Benefits of Yin Yoga: A gentle form of activism
The world feels heavy right now. Genocide in Gaza, Environmental catastrophe the ongoing rise of the far right, challenges to the hard fought rights of the LGBTQIA+SB community.
Everywhere we turn, there are stories of harm and heartbreak: communities displaced, the Earth under strain, people trying to survive systems that were never built for their flourishing. The pace of it all can leave us suspended somewhere between outrage and exhaustion.
We’re living in what many call a polycrisis, a time of overlapping emergencies that touch every part of life—political, ecological, social, and emotional. Our bodies know it before our minds catch up: the tight jaw, the restless sleep, the shallow breath. The nervous system, built to respond to threat, now lives in near-constant alert. This of course is not helped by our phones, the 24- news cycle, social media etc etc.
Yin yoga meets us here, in the space between collapse and care.
It invites us to slow down, to listen, and to gently unwind from the inside out. In Yin, we don’t strive or perform; we rest into stillness long enough for the layers of holding to reveal themselves.
This is where the vagus nerve begins to speak. The vagus nerve is a long, wandering nerve that connects the brain to the body, regulating the heart, breath, and digestion—like the deep roots and branching limbs of a tree that link sky and soil, holding the whole system in balance.Woven through the body like a thread of intelligence, the vagus nerve connects breath, heart, and gut—the deep places where emotion lives. When we rest into long-held shapes, when the breath softens and the exhale lengthens, the vagus nerve is stimulated. The body begins to remember safety, and the mind follows.

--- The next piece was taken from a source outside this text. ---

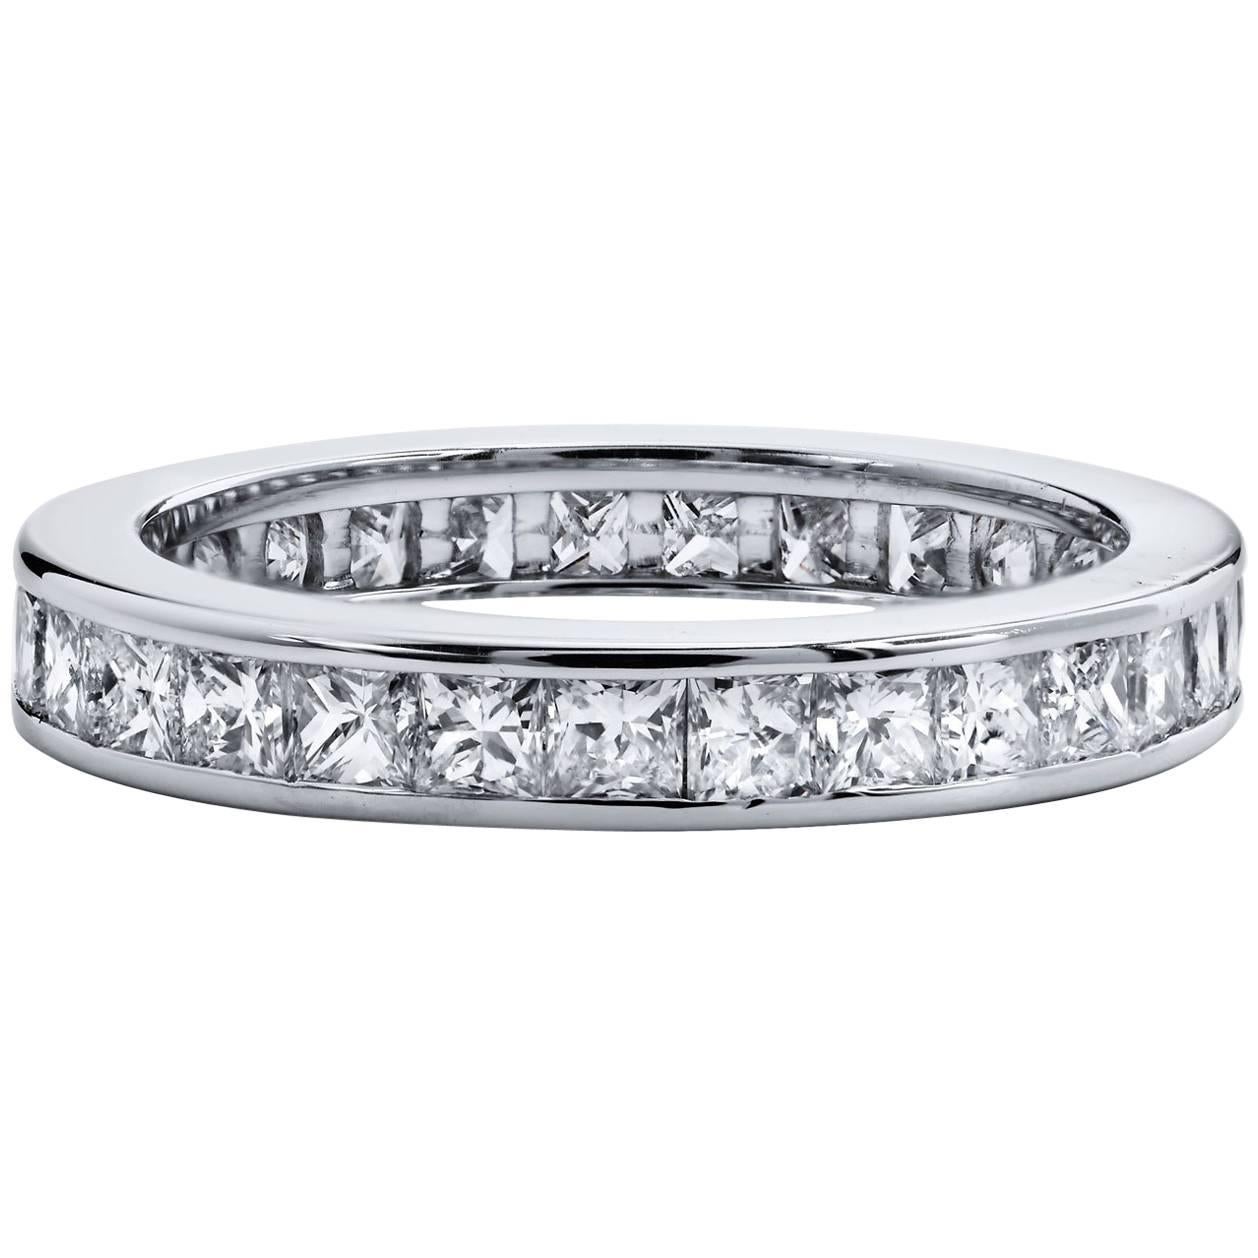 3.00 Carat Princess Cut Diamond Band Ring 
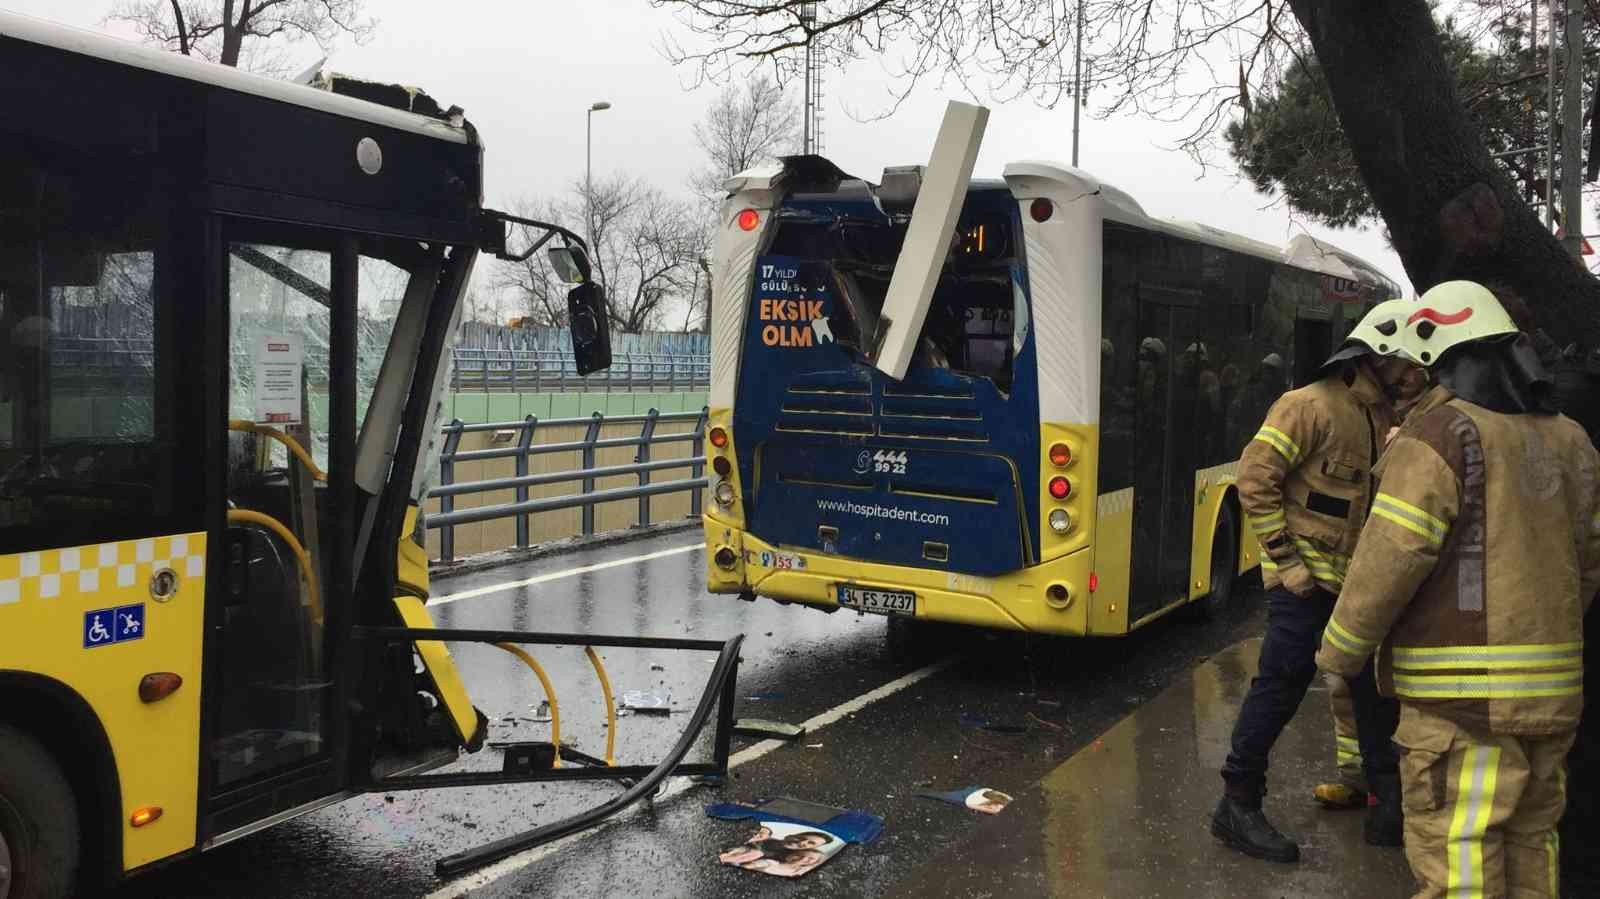 Sarıyer’de İETT otobüsleri çarpıştı: 4 yaralı #istanbul

In a world that asks us to stay activated—scrolling, reacting, defending—Yin offers a different kind of response: a pause, a recalibration. It doesn’t ask us to turn away from suffering, but to meet it from a steadier place. To cultivate the capacity to feel deeply without being consumed.
This is the nervous system as activism.
Each time we return to the mat, we choose presence over paralysis. Each breath becomes a quiet act of resistance against disconnection. Through stillness, we learn to inhabit the body again, to be both tender and awake to what’s unfolding within and around us.
There’s nothing passive about this softness. It personally took me many many years to learn this lesson, in fact it is a lesson that I am still learning.
It’s the groundwork for courage, empathy, and collective care. When our systems are regulated, we can listen better. We can speak truth without burning out. We can hold grief and hope in the same breath.
So come to your mat, not to escape, but to remember. To meet as a collective and tot rest.
To breathe into the ache of being human in complex times. To let the parasympathetic currents of the body remind you that peace is not absence, but connection.
One nervous system at a time, we steady ourselves.
And from there, we keep showing up with reverence, awareness, and love.